Dental Air-Powered Handpiece, models TIGER 300T, TIGER 300K, TIGER 300W, TIGER 300B, TIGER 300N

This document is a 510(k) summary for a "Dental Air-Powered Handpiece". The information provided does not describe an AI/ML device or present a study that meets the acceptance criteria for such a device. Instead, it describes a traditional medical device (a dental handpiece) and the basis for its substantial equivalence to a predicate device.

Therefore, I cannot provide the requested information regarding acceptance criteria and a study proving device performance in the context of an AI/ML device.

Here's why:

• No AI/ML Component: The document clearly identifies the device as a "Dental Air-Powered Handpiece." There is no mention of artificial intelligence, machine learning, software algorithms for diagnosis or analysis, or any other component that would classify it as an AI/ML device.
• Substantial Equivalence, Not Performance Study: The entire premise of the 510(k) summary is to demonstrate "substantial equivalence" to a predicate device (TIGER 100 series). This is a regulatory pathway for traditional devices, not typically for novel AI/ML performance validation studies.
• Performance Data Basis: The document states, "The claim of substantial equivalence is based on Performance Data: comparisons of formulations and intended uses of the THUNDER TIGER Dental Air-Powered Handpiece and its claimed predicate." This usually refers to engineering specifications, material comparisons, and basic function tests to ensure it operates similarly to the predicate, not clinical accuracy or diagnostic performance as would be relevant for an AI/ML device.

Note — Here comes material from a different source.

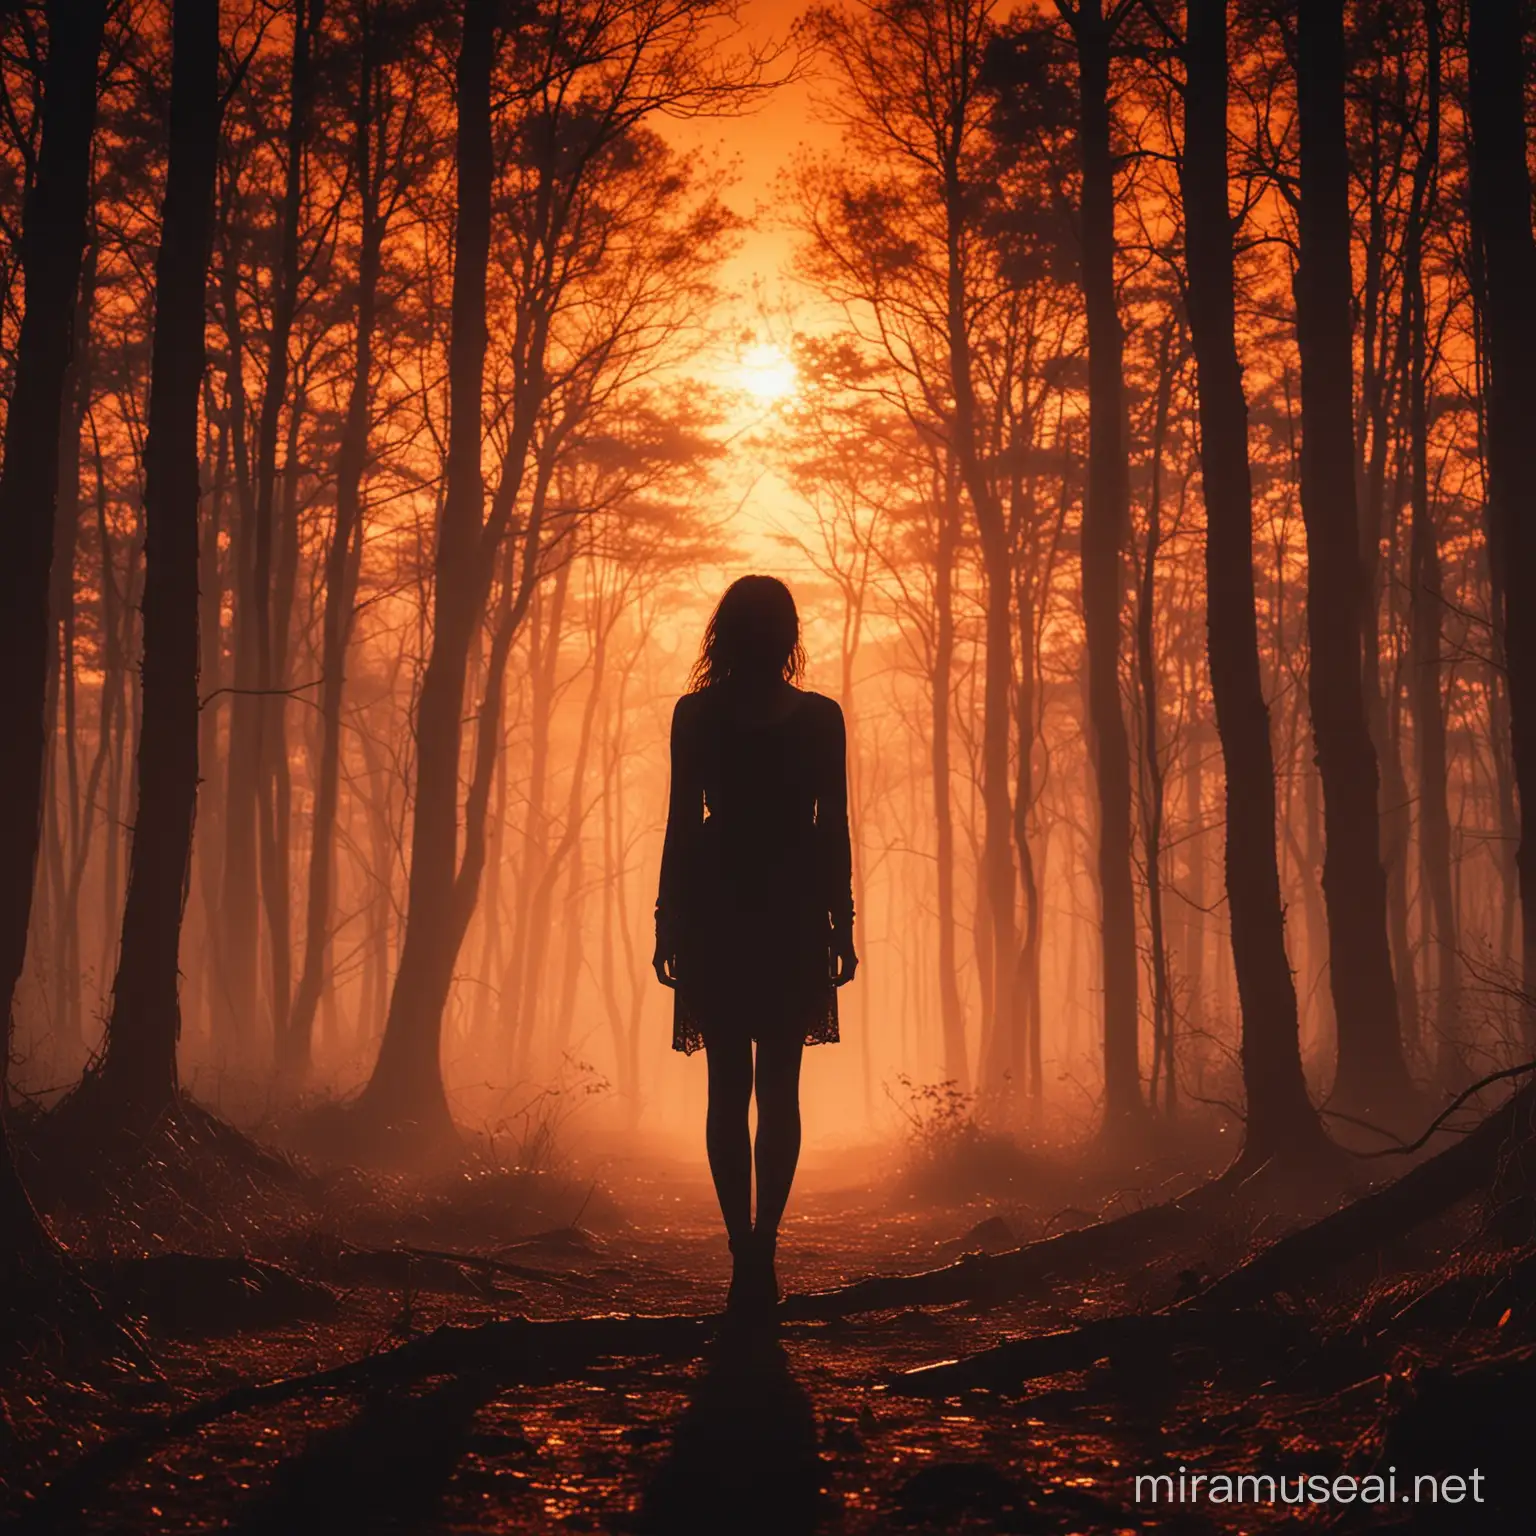 Mysterious Woman Silhouette in Enchanting Sunset Forest

To directly answer your request based on the provided text, but acknowledging the device is not an AI/ML device:

1. Table of acceptance criteria and reported device performance:

2. Sample size for the test set and data provenance:

• Not applicable for an AI/ML device. This document describes a mechanical dental handpiece. There is no "test set" in the sense of a dataset for evaluating an algorithm's performance. The "performance data" mentioned likely refers to engineering tests and comparisons to the predicate device's specifications.

3. Number of experts and qualifications for ground truth:

• Not applicable. Ground truth generation by experts is relevant for diagnostic or analytical AI/ML systems. This is a mechanical device.

4. Adjudication method:

• Not applicable. Adjudication is for resolving discrepancies in expert labeling or diagnoses for AI/ML training/test sets.

5. Multi reader multi case (MRMC) comparative effectiveness study:

• No, an MRMC study was not done. This type of study is for evaluating human performance alongside or with AI assistance in diagnostic tasks.

6. Standalone (algorithm only without human-in-the-loop performance) study:

• No, a standalone study was not done. This is for evaluating AI algorithm performance without human intervention.

7. Type of ground truth used:

• Not applicable. For a mechanical device, "ground truth" relates to its physical performance meeting specifications, not expert consensus on medical images or patient outcomes.

8. Sample size for the training set:

• Not applicable. No AI/ML model for training.

9. How the ground truth for the training set was established:

• Not applicable. No AI/ML model for training.

In summary, this document is solely for a traditional medical device (dental handpiece) and its regulatory clearance via substantial equivalence, not for an AI/ML device performance study.